This post originally appeared on VICE Canada.
With fresh national debates in Canada surrounding not only anti-terror legislation, but latent Islamophobia, the Tory government is promoting (if Liberal leader Justin Trudeau is to be believed), one Conservative Member of Parliament who came out swinging against women who wear niqabs.
"Stay the hell where you came from," said Larry Miller, the Tory representative to parliament for the Ontario district of Bruce-Grey-Owen Sound, on a local radio show amidst lines like "send 'em back" peppered in from another guest.
Miller's comments came during discussions about the latest niqab controversy. Tory legislation from 2011 required all would-be Canadian citizens taking the oath to show their faces while swearing their allegiance to Queen and country.
One Muslim woman who wears the face-covering niqab challenged that piece of legislation in the courts and won—an outcome that apparently left Miller dumbfounded.
"It just baffles me," says Miller on the broadcast before blaming our "justice people" for the blunder. "[T]hat isn't right and you know like frankly, if you, if you're not willing to show your face in a um, the ceremony, that you're joining the best country in the world."
Miller goes on to say that he believes most Canadians would agree with his analysis of the court ruling: "that's maybe saying it a little harshly, but it's the way I feel. I'm so sick and tired of, of people wanting to come here because they know it's a good country and then they want to change things before they even really officially become a Canadian."
Though brazen and confident on the airwaves, in a statement provided to VICE Canada this morning by Miller's assistant, the Owen Sound MP apologized for his behavior on the radio show.

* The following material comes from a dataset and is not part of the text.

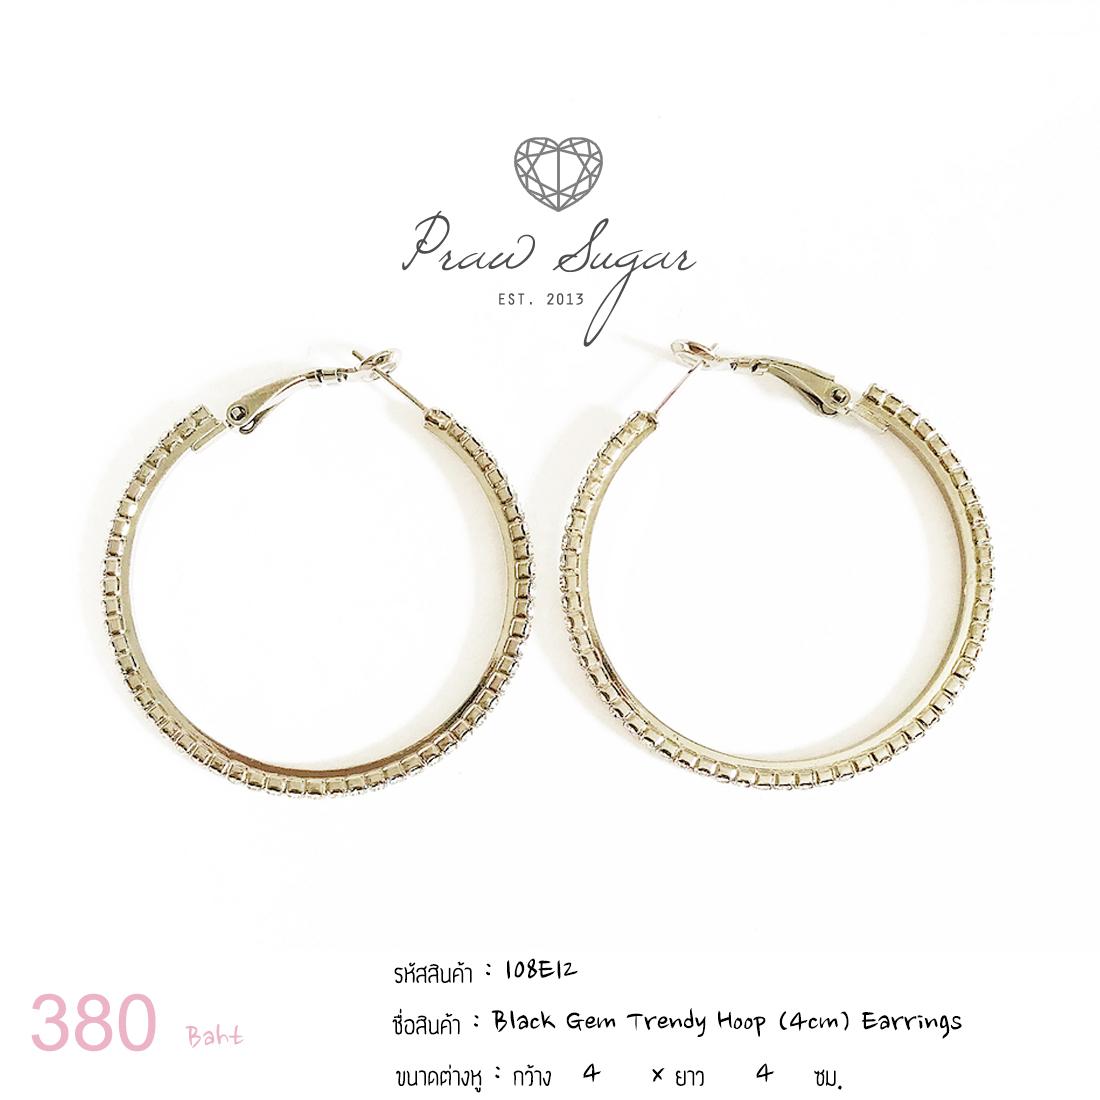 Black Gem Trendy Hoop (4cm) Earrings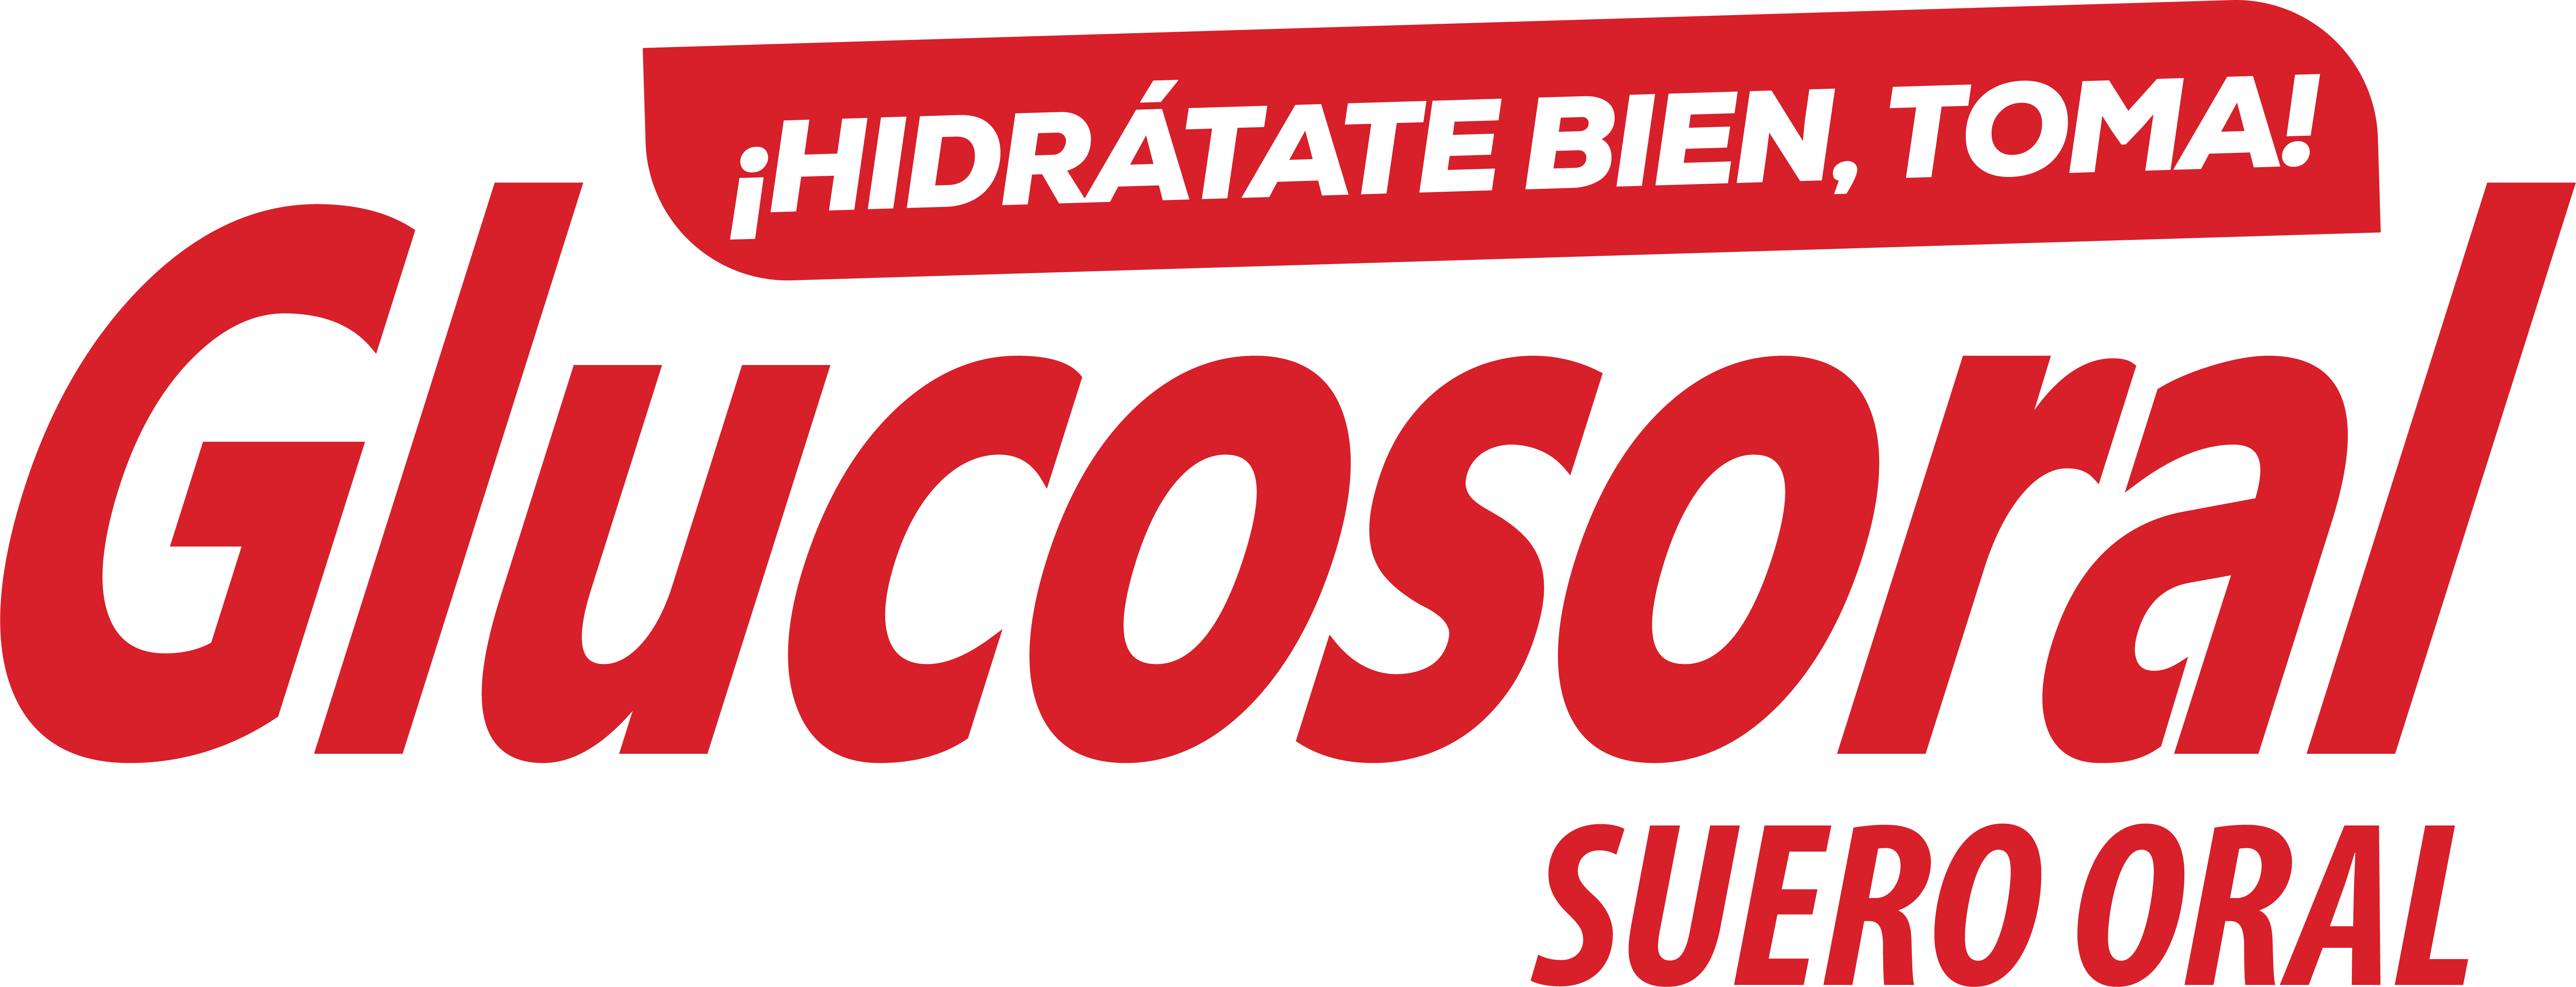 Glucosorol

"Yesterday I made comments on a radio show that I recognize were inappropriate," he said, while refusing to retract his overall stance on the niqab debate. "I stand by my view that anyone being sworn in as a new citizen of our country must uncover their face. However, I apologize for and retract my comments that went beyond this."
The Conservatives slightly distanced themselves from the comment Tuesday, saying only that it was "inappropriate" and went beyond their "clear position" and Miller has apologized.
"We believe most Canadians, including new Canadians, would find it offensive that someone would cover their face at the very moment they want to join the Canadian family," Harper spokesperson Carl Vallee said in a statement.
Miller, a backbencher MP from a rural area, is the second Conservative parliamentarian in as many weeks to go off the party script and make inflammatory, racist comments in public.
Just last week John Williamson, who represents a New Brunswick riding and is the former communications director for Stephen Harper, said at a conference in Ottawa that it didn't make sense for companies to turn to foreign "brown people" for employment, while "whities" stay at home.
Miller is also no stranger to controversy. An outspoken pro-gun advocate, in a 2012 debate he likened the long gun registry to oppressive actions taken by Adolf Hitler in 1939. Miller was forced to backtrack on those comments days later.